When set, Bearer syncs logs immediately after the request is made. Enabling throttling will only affect "RESTRICTED" log entries which would be sent in batches.

stripSensitiveData

strip_sensitive_data

Remove sensitive data before sending it to bearer.sh (defaults to true)

stripSensitiveKeys

strip_sensitive_keys

Regular expression used for key name values to strip (default /^authorization$|^client.?id$|^access.?token$|^client.?secret$/i)

stripSensitiveRegex

strip_sensitive_regex

Regular expression used for value stripping (default email pattern)

Node.js
Ruby
Node.js

You can update your node-agent configuration by creating bearer.json configuration file at the same level as the package.json file.
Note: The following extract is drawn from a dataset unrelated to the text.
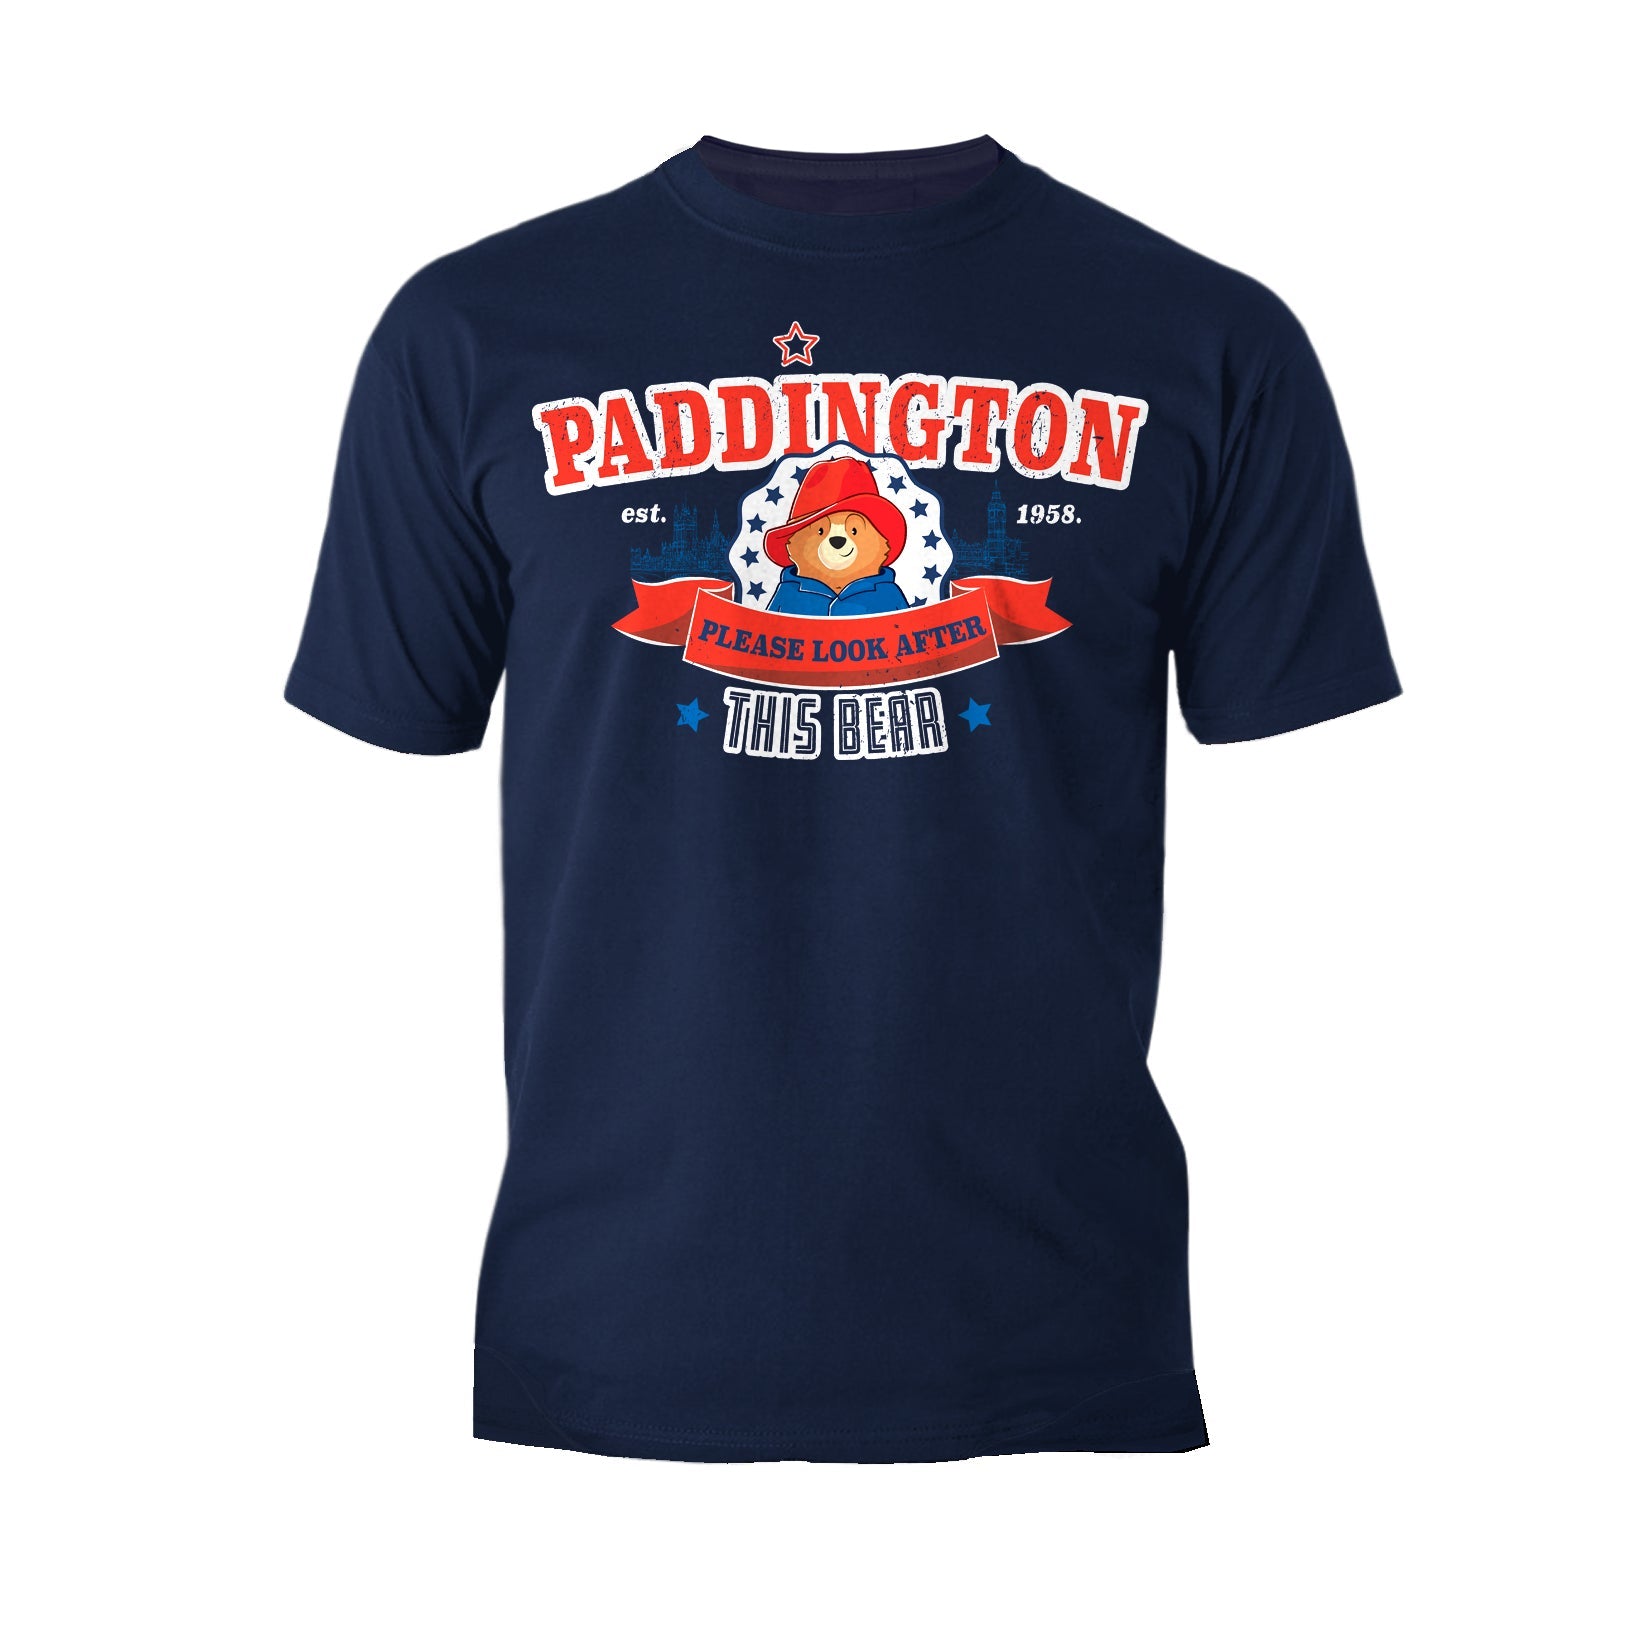 Paddington Bear Collegiate London Please Look Saturated Official Men's T-Shirt
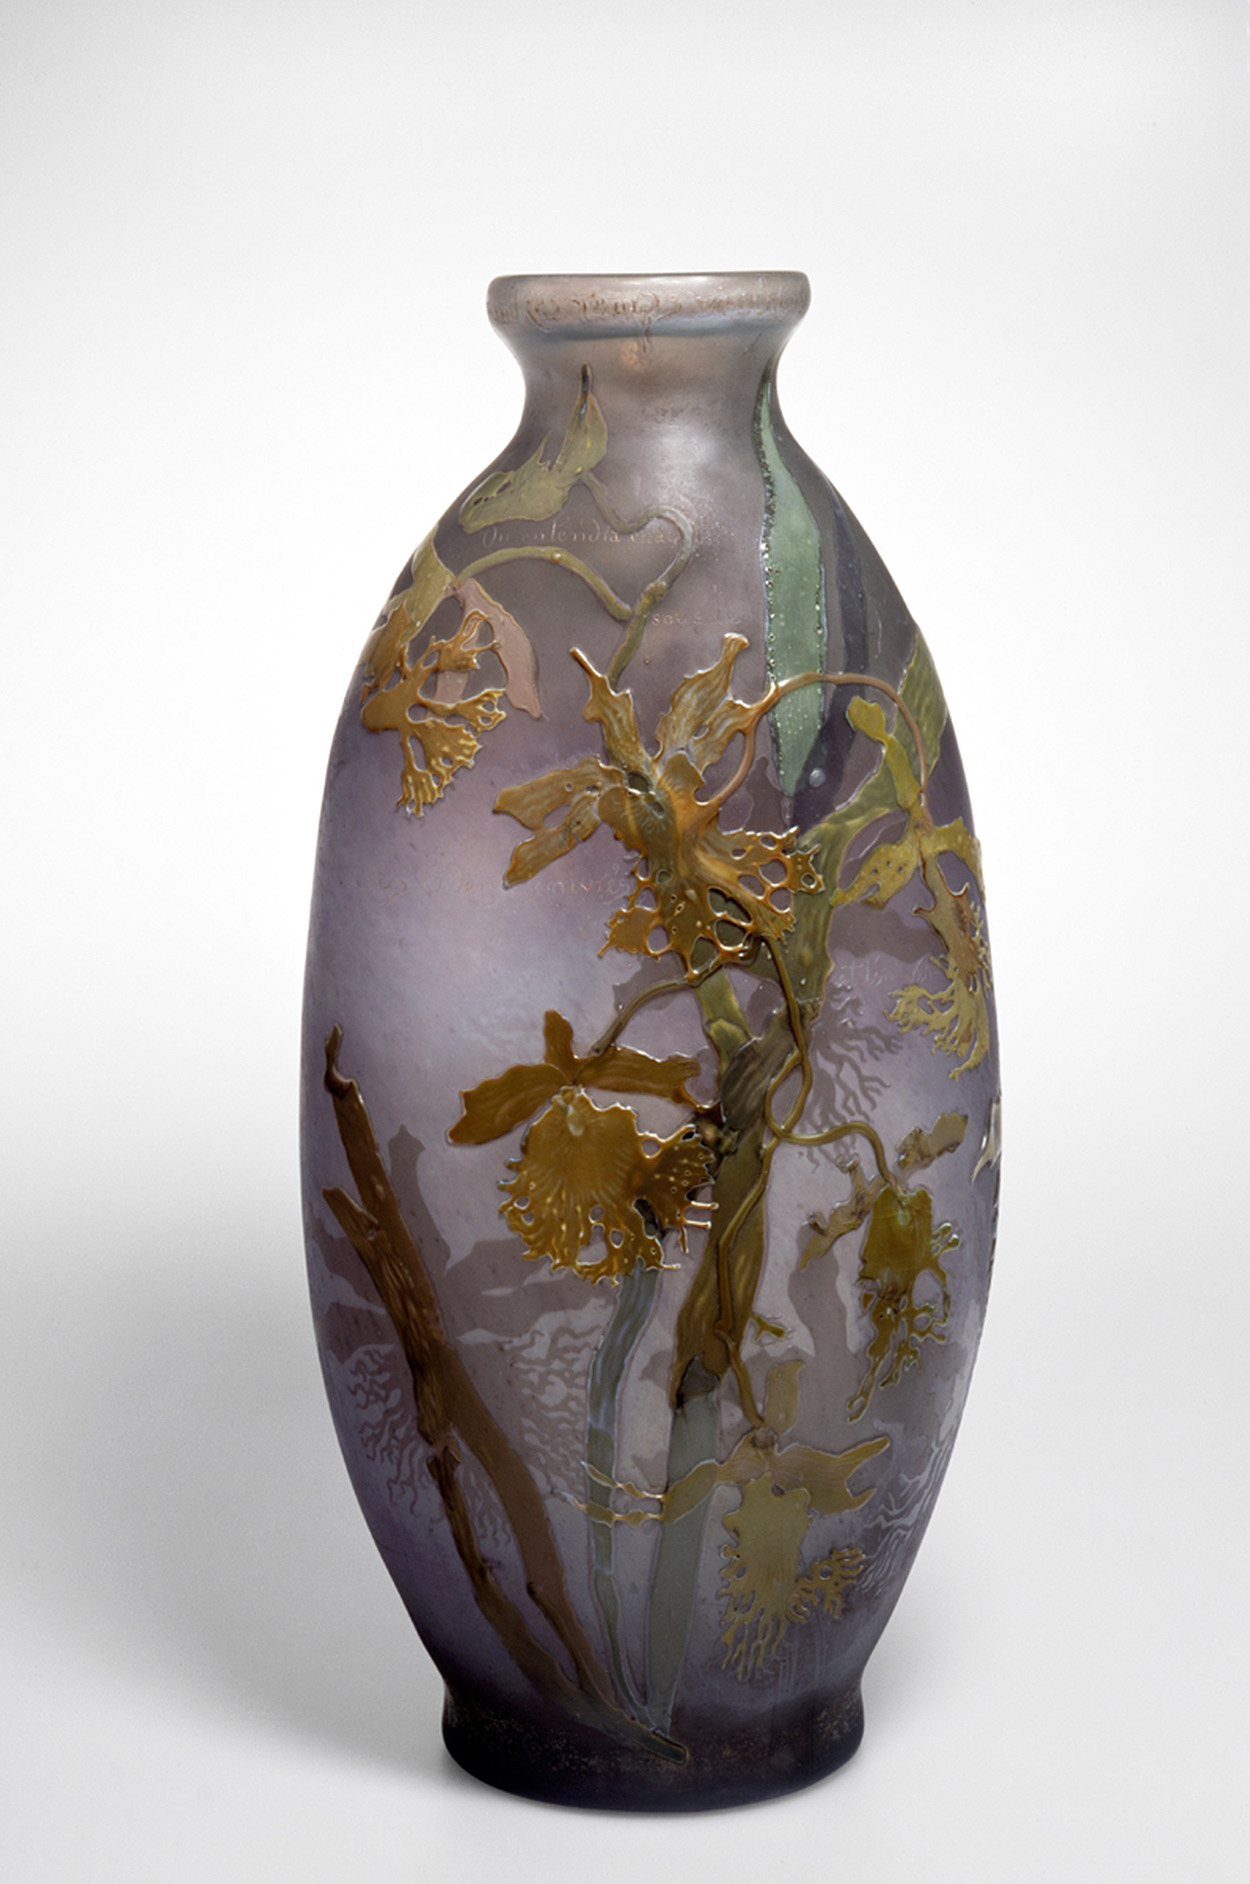 Váza by Emil Gallé - 1899 - 43,00 x 20,50 cm

If you want to save the configuration file in another directory, you must tell Bearer agent where to find it. You can do this by using the BEARER_AGENT_CONFIG_FILE environment variable, like this:

BEARER_AGENT_CONFIG_FILE=/absolute/path/to/bearer.json node index.js

Below you can find configuration options that we currently support:

{
logLevel: "RESTRICTED",
secretKey: "your secret key",
ignored: ["domain.com", "example.com"],
stripSensitiveData: true,
stripSensitiveKeys: /^authorization$/,
stripSensitiveRegex: /we have to keep it secret$/
}
Ruby

You can update your node-agent configuration by creating earer.yml configuration file in root source of your project or in ./config directory. If you have a project running in /usr/projects/my_integrations_project bearer will try to find bearer.yml file using the following paths:

  • /usr/projects/my_integrations_project/bearer.yml

  • /usr/projects/my_integrations_project/config/bearer.yml

If you want to save the configuration file in another directory, you must tell Bearer agent where to find it. You can do this by using the BEARER_AGENT_CONFIG_FILE environment variable, like this:

BEARER_AGENT_CONFIG_FILE=/absolute/path/to/bearer.yml ruby index.rb

Below you can find configuration options we currently support:

---
secret_key: secret <!-- Required, string: Your Bearer private key -->
disabled: false <!-- Optional, boolean: enable/disable Bearer tracking globally -->
ignored: [] <!-- Optional, string[]: ignore requests to specific domains -->
log_level: ALL <!-- Optional, "ALL" | "RESTRICTED": defaults to "ALL" set the level of information you want the agent to gather -->
strip_sensitive_data: true <!-- Optional, boolean: Remove sensitive data before sending it to bearer.sh -->
strip_sensitive_keys: [/^authorization$/i, /^client.id$/i, /^access.token$/i, /^client.secret$/i] <!-- Optional, Regexp[]: list of keys to strip. -->
strip_sensitive_regex: %r{[a-zA-Z0-9.!#$%&’*+/=?^_`{|}~-]+@[a-zA-Z0-9-]+(?:\.[a-zA-Z0-9-]+)*} <!-- Optional, Regexp: Regular expression used for value stripping. -->

Communication with Bearer

The Bearer agent communicates with Bearer servers through HTTPS. The Agent requires your firewall to allow outgoing connections to agent.bearer.sh with port 443 (HTTPS).

By default, the Agent sends to the full payload of each HTTP request (including both the request and the response) to Bearer. By default and for your own security, the Authorization header is filtered and will not be shared with Bearer. T

The agent offers more options to reduce the amount of sensitive information sent to Bearer, including:

  • ignored to ignore some domains (e.g. ["example.com", "secure.app"]);

  • logLevel(node) / log_level(ruby) to only log the path and query string of the requests.

What if Bearer is experiencing a downtime? The Bearer agent has been built with resiliency in mind. If, for any reason, Bearer servers are experiencing unexpected latency, this will not affect your application.